I just received the DNA JAK2 with positive result. I just turned 58, married happily, a mother of two grown up daughters and a smart grandson. 

I found out about the abnormal count of my platelets, white blood cells, and thrombocytes in 2010 when I came to Oxford for my master program. In 2012, I moved to Amersham, to my husband house, and registered at the local surgery. I see the same GP since 2012.

Every year, I have a routine Full Blood Count. Only recently, after my GP asked me to have 4 blood tests and after I asked her to refer me to a Haematologist, then had another FBC & DNA test, I learned that I have PV.

I’m still a bit unsure how to make of it, whether I should be worried or take it easy (because I’m still labelled as low risk). As a low risk group (<60), the Haematologist recommended once a day Aspirin 75mg. I’m waiting for a slot for venesection soon. 

I’m still active as advisor for several organisations, a consultant and have no plan to retire any soon.
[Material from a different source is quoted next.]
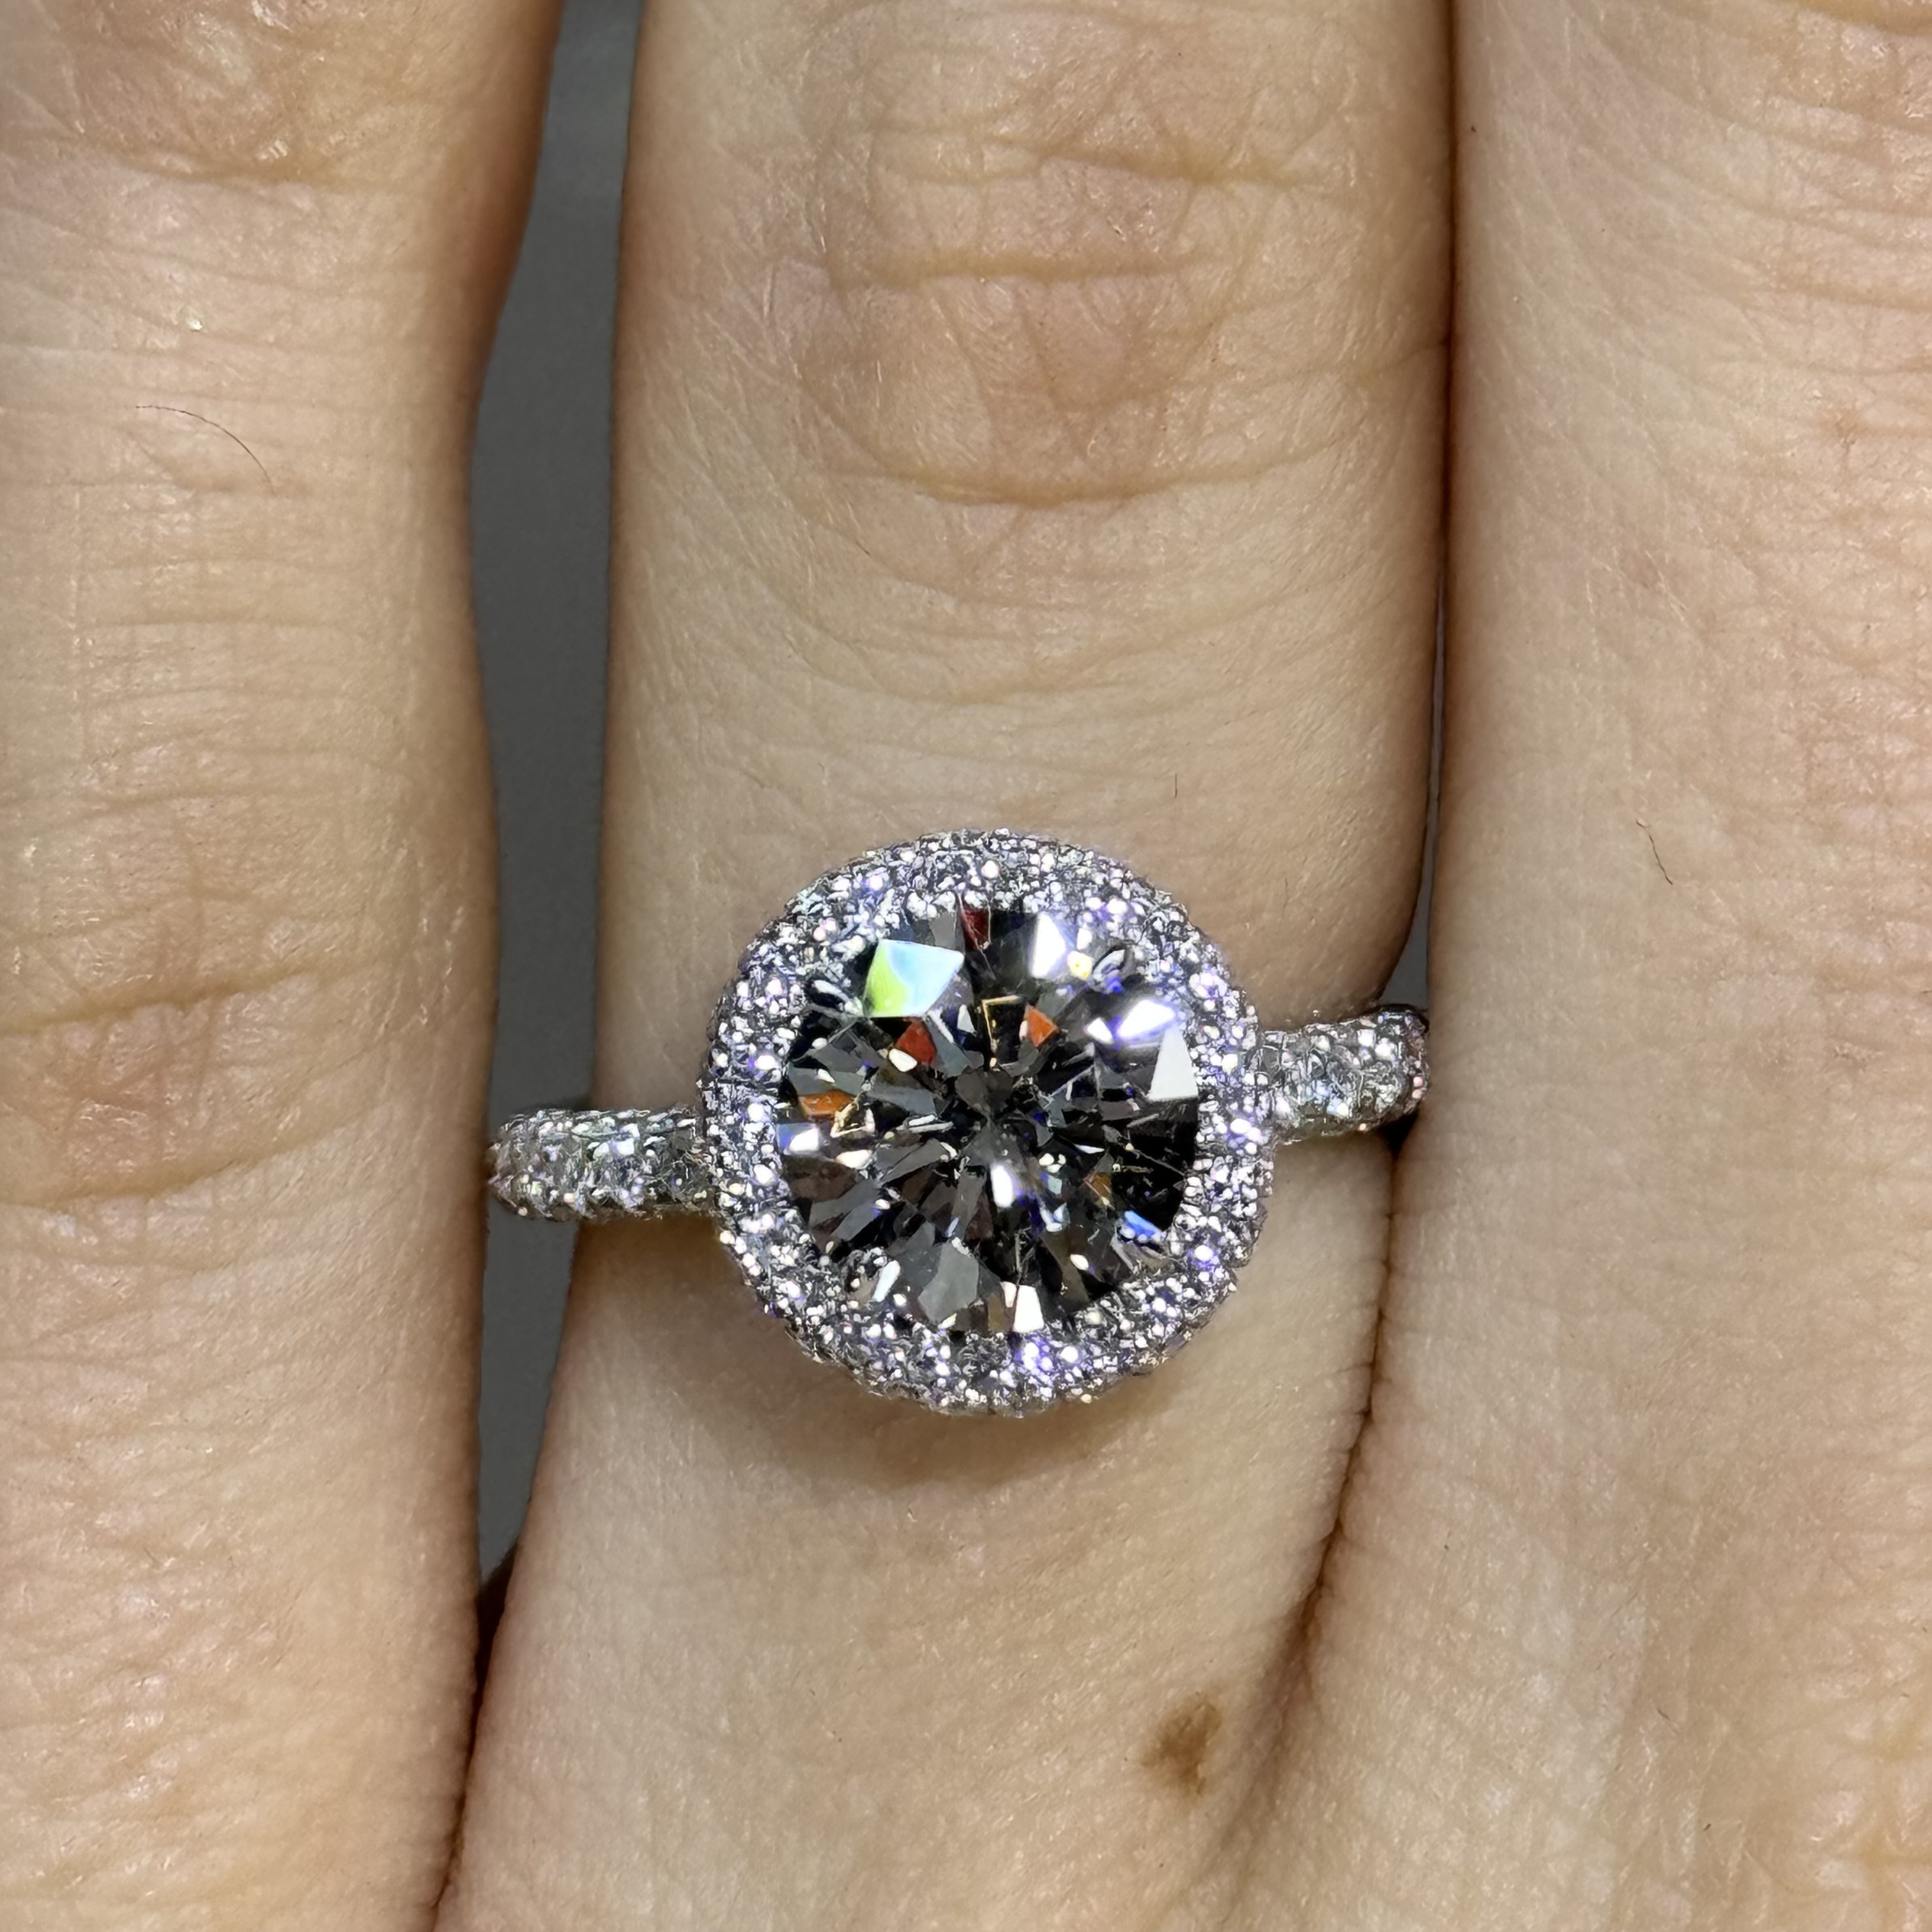 GIA 1.69ct G SI1 Earth Mined "Amielle" Engagement Ring Image 2 Forever Diamonds New York, NY

But I’m a bit worry about the risk of blood clots.

Is there any way to monitor/conduct a self-test of Hematocrits?

Appreciate any suggestions. 

Best wishes

YID64

  • Hi  and a warm welcome to this corner of the Community although I am always sorry to see folks joining us. I am Mike and I help out around our various Blood Cancer groups.

    I was diagnosed back in 1999 with a rare, incurable type of NHL Stage 4a so although my Blood Cancer ‘type’ is different I do appreciate the challenges of this journey well.

    It took 14 years before I needed any full on treatment so I eventually realised that I had to get on with life deal with the onslaught as and when it came.

    Lets look for some of the group members to pick up on your post. You can also look through the various posts (hit the main group name and scroll down) and as always you can hit reply and ask some questions and see if the member is looking in.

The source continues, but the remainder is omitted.